Yes, and the way that ships are flagged seems to exacerbate the problem.
That is, a ship built in Iran for example can be flagged in a seemingly innocuous country, albeit one with lax rules for inspection, maybe a few greedy palms greased gets it underway.
It's a considerable danger, to say the least.
Ships can only go as far north as Baton Rouge. The traffic tie-up would depend on where the attack was located as well as what HAZMAT problems followed.
Depends on what it might take along with it. And there are plans for building a couple of major LPG facilities on the West Coast, in Ventura County. See following:
The Cleveland Disaster
The very first commercial LNG facility built in the United States in 1941, caused A Major Industrial Accident Known as "The Cleveland Disaster"
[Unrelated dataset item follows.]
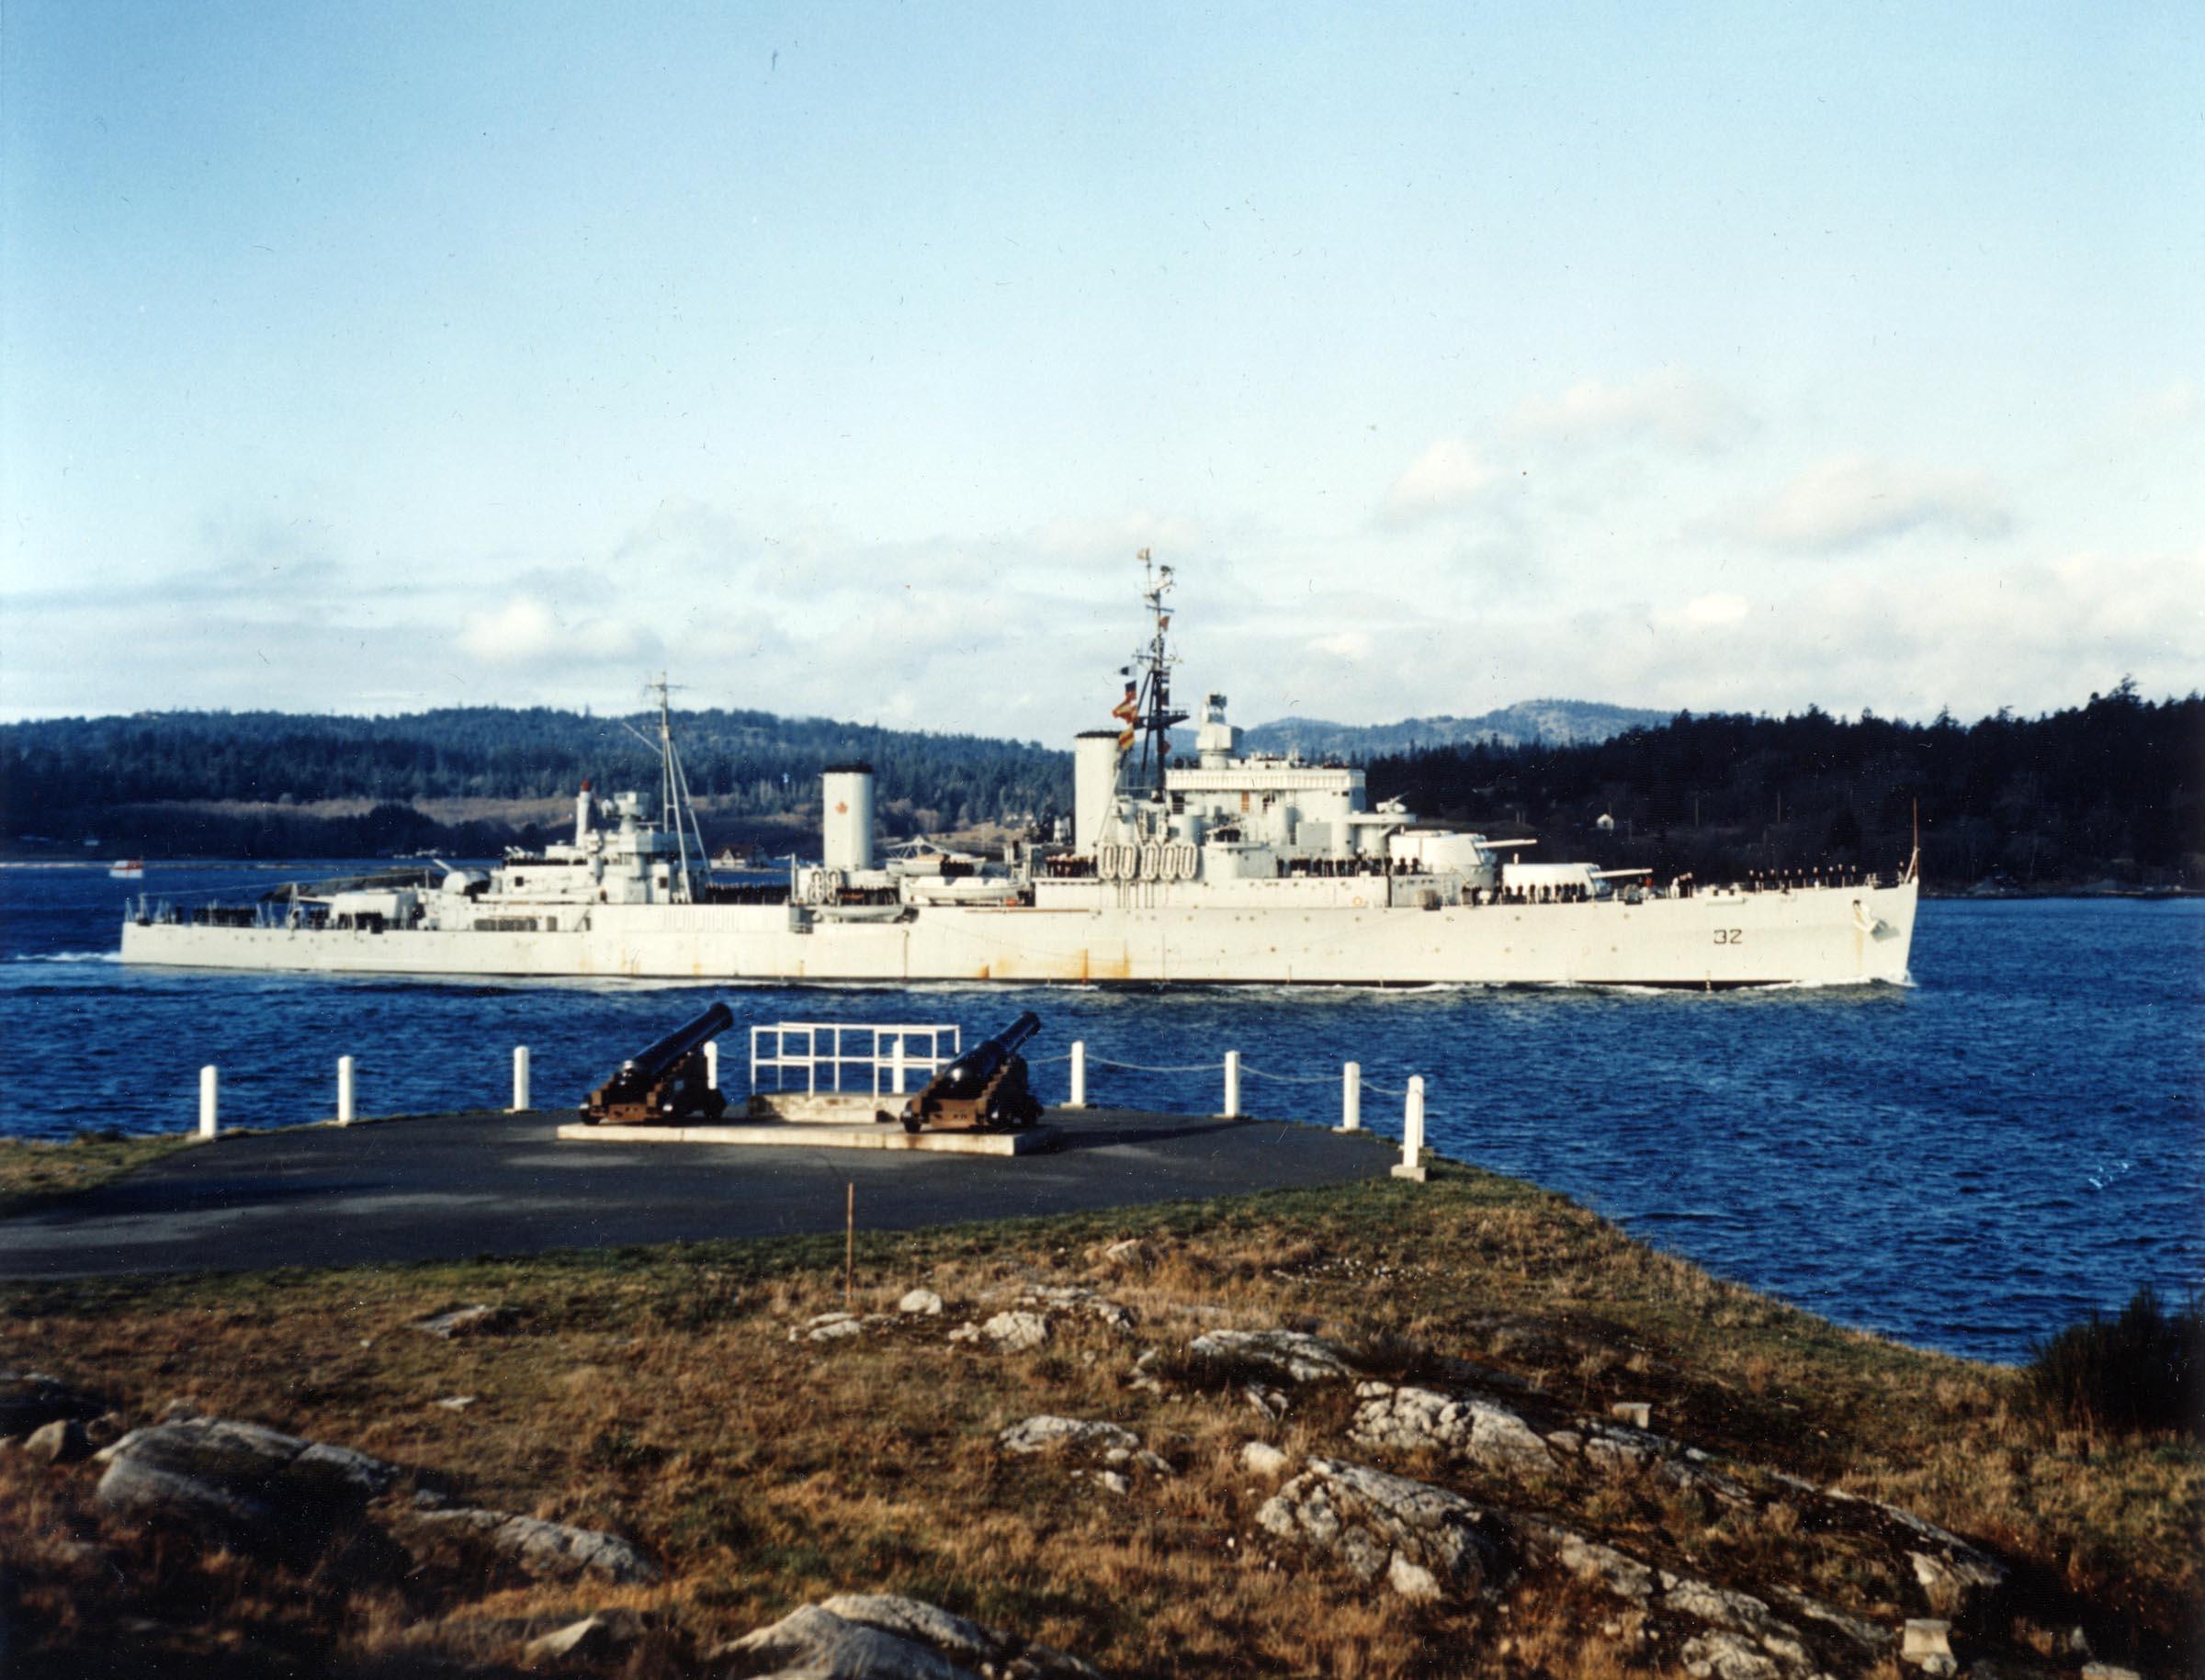 HMCS ONTARIO

In 1944, According to the U.S. Bureau of Mines report, LNG holding tanks failed and released their contents into the streets and sewers and their vaporous cloud ignited and fire engulfed the nearby residents and commercial establishments
The Fiery Inferno DEVASTATED Approximately One Square Mile Of Cleveland, Ohio
Back when my dad was a refinery engineer for Texaco, the interesting bit of info was passed to him that the refinery where he worked was a secondary target for Soviet nuclear weapons planned for the *Gateway Yard* railroad center in East St Louis. Nearby Scott Air Force Base was the primary target, with the railyard and refinery back-up targets for earmarked following strikes in the result they got lucky and took out Scott, a SAC base, with their first shot, which could have been either missile or aircraft delivered...or *other,* possibly in a railcar.
He did a little calculation on the result if the petroleum in-process in the plant and it's storage tanks was all released simultaneously, as by a well-targeted nuclear airburst, and came up with a crater 8 miles in diameter, with blast results out to 14 miles. The school I went to was about a mile and a half from the main plant facility.
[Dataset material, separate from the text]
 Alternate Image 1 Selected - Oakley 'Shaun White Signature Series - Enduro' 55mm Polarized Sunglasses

Foes of LNG development point to the fact that the potential energy content of a single LNG tanker, which contains natural gas that is supercooled to 260 degrees Fahrenheit and concentrated to 1/600th of its normal gaseous volume, is equivalent to 700 tons of TNT or about 55 times the atomic bomb that destroyed Hiroshima.
Don't be sorry. Anyone with half a brain is with you all the way here.